When this standard applies, courts generally do not evaluate the wisdom of decisions unless flaws in the process are proven.
2. Enhanced Scrutiny
Enhanced scrutiny applies when control persons are selling the company. Under this standard, courts assess:
- The adequacy of the decision-making process, including the information used, and
- The reasonableness of the actions taken in light of the circumstances at the time.
Here, the burden shifts to control persons to prove they were adequately informed and acted reasonably. However, “reasonable” does not mean “perfect.” If a control person selects one of several reasonable alternatives, courts will generally not second-guess the decision, even if hindsight suggests another choice might have been better.

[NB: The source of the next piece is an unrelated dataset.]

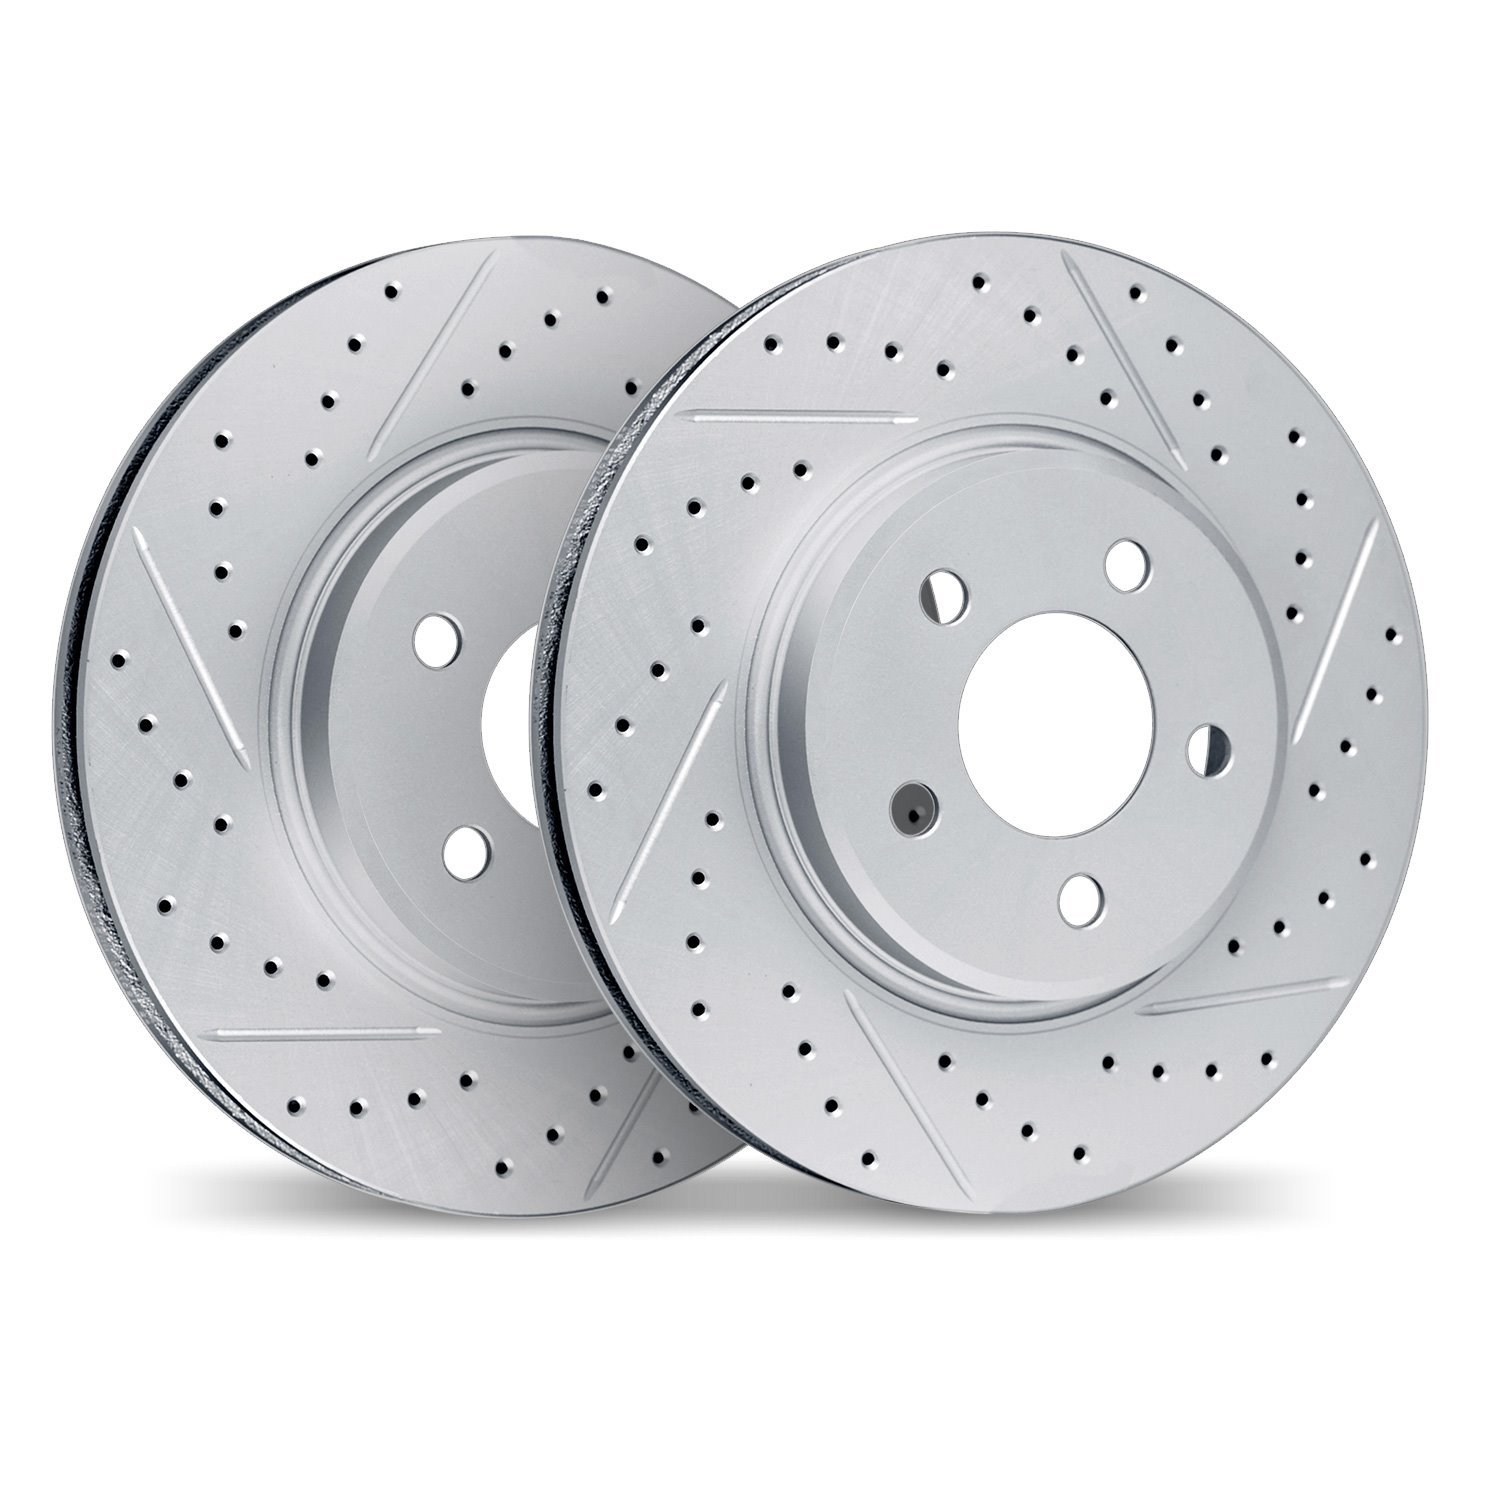 2002-55003 Geoperformance Drilled/Slotted Brake Rotors, Fits Select Ford/Lincoln/Mercury/Mazda, Position: Rear

In the landmark case Revlon, Inc. v. MacAndrews & Forbes Holdings, Inc., the Delaware Supreme Court established that when the sale of a company becomes inevitable, control persons must seek the highest value reasonably available to shareholders. This is commonly referred to as “Revlon duties”.
A subsequent case, Paramount Communications Inc. v. QVC Network Inc., further clarified that:
The consequences of a sale of control impose special obligations on the directors of a corporation. They must act reasonably to secure the best value reasonably available to stockholders.
While Revlon duties are not an independent fiduciary duty, they represent a specific application of baseline fiduciary responsibilities in the context of a company sale. These duties do not mandate a rigid approach but require actions judged reasonable based on the circumstances.
It’s important to note that certain stock-for-stock transactions, as opposed to cash sales, may not trigger Revlon duties because they do not constitute a change in control.
3. Entire Fairness
The entire fairness standard applies when control persons have conflicts of interest, such as being on both sides of a transaction. This is the most stringent standard under Delaware law. Control persons must prove:
- Fair Dealing: Demonstrating that decision-making was informed, properly structured, and appropriately timed, with approvals obtained from disinterested parties.
- Fair Price: Showing that the financial terms of the transaction fall within a range of values a reasonable seller would accept.
Conflicts triggering the entire fairness review typically arise in scenarios like:
- A controlling shareholder engaging in a “going-private” transaction.
- A personal financial benefit derived by control persons that is not shared proportionately by all shareholders.
To mitigate risks associated with the entire fairness review, companies often implement procedural safeguards, such as:
- Forming a special committee of disinterested and independent directors to oversee the transaction.
- Requiring approval by a majority of the minority shareholders.
In M&A transactions, control persons face heightened scrutiny to ensure that shareholder interests, especially those of minority investors, are protected. The applicable standard of review—business judgment, enhanced scrutiny, or entire fairness—depends on the nature of the transaction and the control persons’ role within it. Adhering to these fiduciary duties is critical for navigating the complexities of selling a company while maintaining compliance with Delaware corporate law.